[[ DATA FOR THIS TASK, beginning ]]

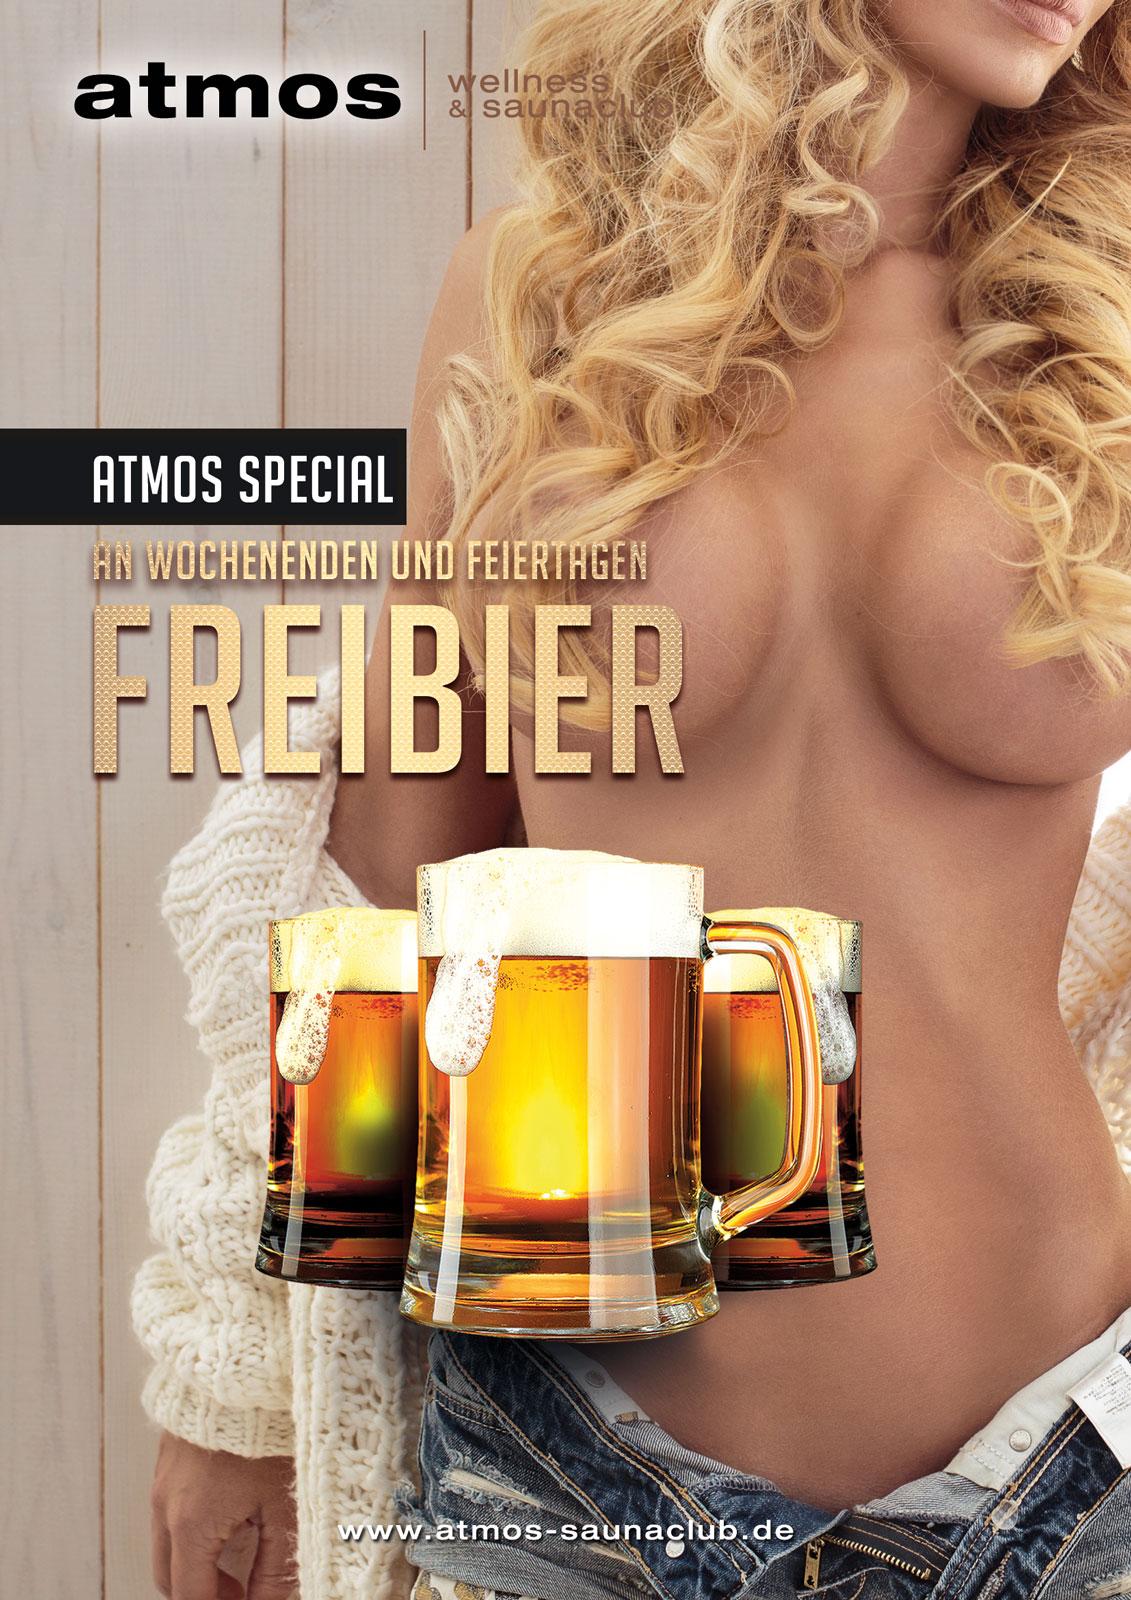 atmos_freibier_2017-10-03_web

[[ DATA FOR THIS TASK, end ]]
[[ DATA FOR THIS TASK, beginning ]]

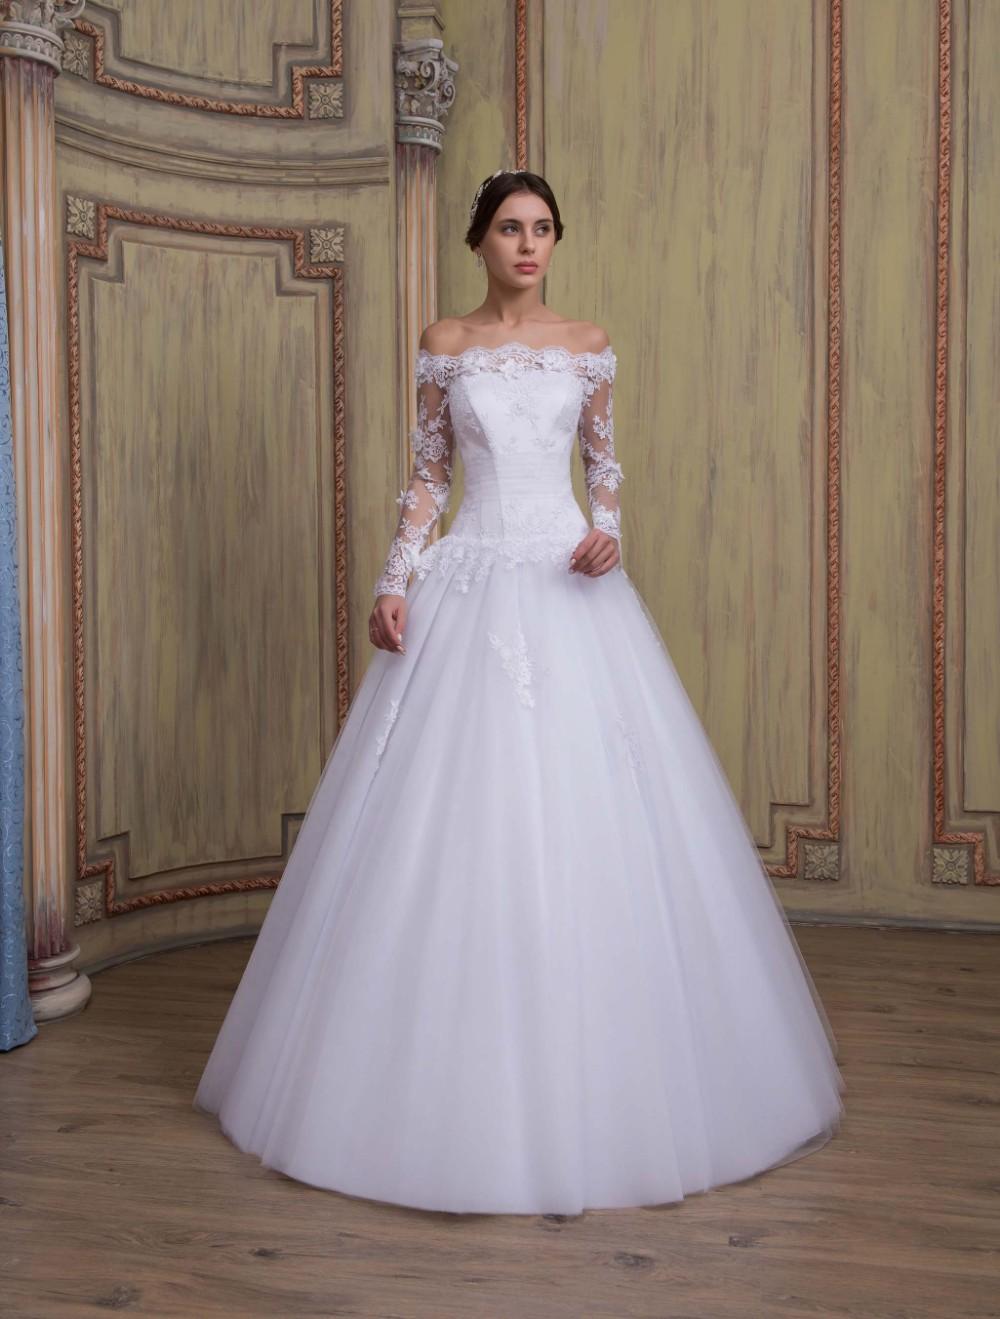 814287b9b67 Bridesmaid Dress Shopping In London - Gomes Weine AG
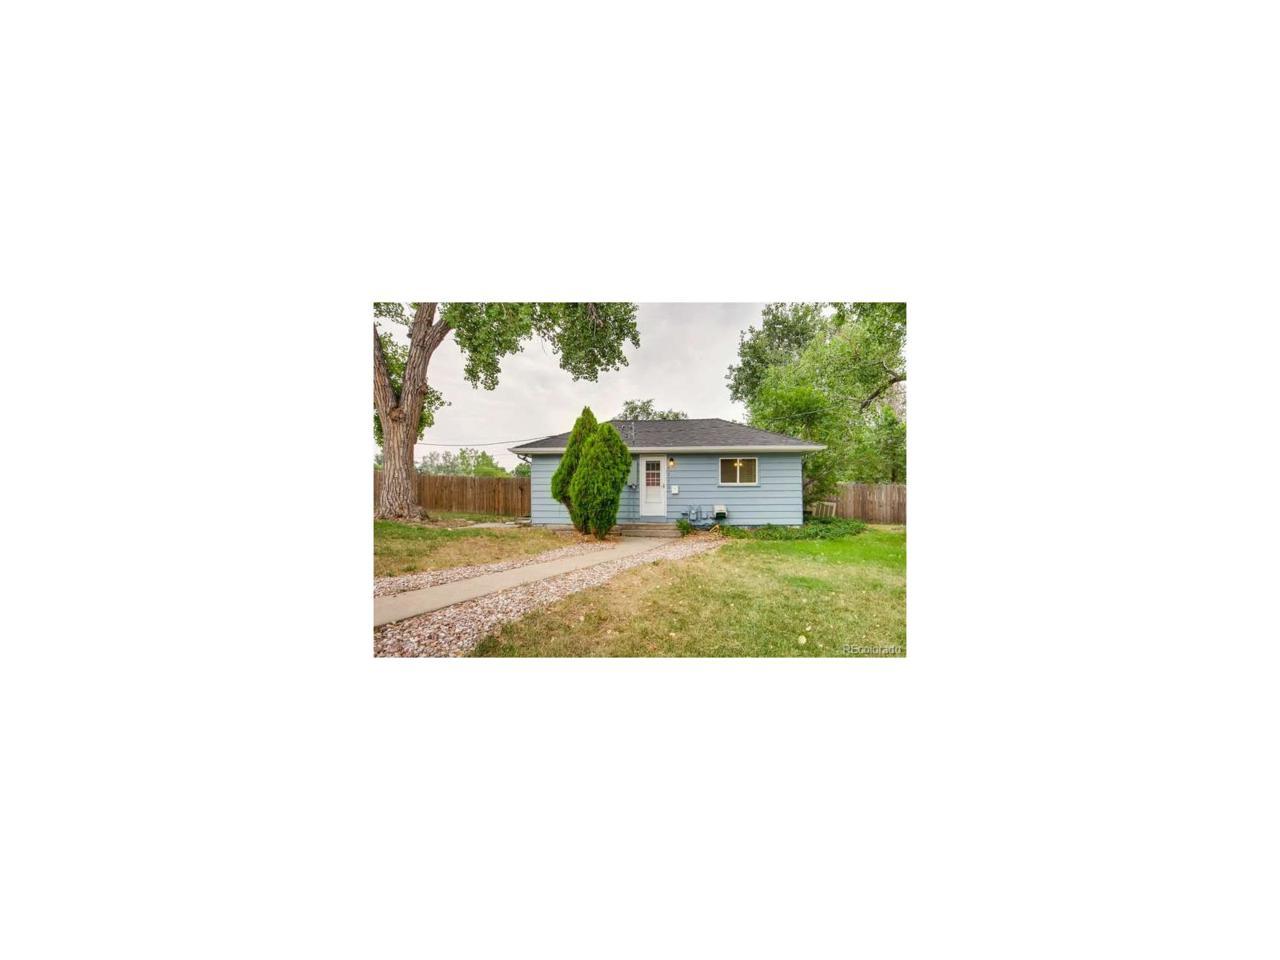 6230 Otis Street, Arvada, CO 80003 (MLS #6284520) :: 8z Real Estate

[[ DATA FOR THIS TASK, end ]]
[[ DATA FOR THIS TASK, beginning ]]

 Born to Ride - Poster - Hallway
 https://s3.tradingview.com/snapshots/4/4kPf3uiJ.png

[[ DATA FOR THIS TASK, end ]]

Retype the portion of the data above that starts on the line with "Born to Ride - Poster - Hallway" and finishes on the line with "https://s3.tradingview.com/snapshots/4/4kPf3uiJ.png", including both of those lines.

◆ EXERCISE SOLUTION
 Born to Ride - Poster - Hallway
 https://s3.tradingview.com/snapshots/4/4kPf3uiJ.png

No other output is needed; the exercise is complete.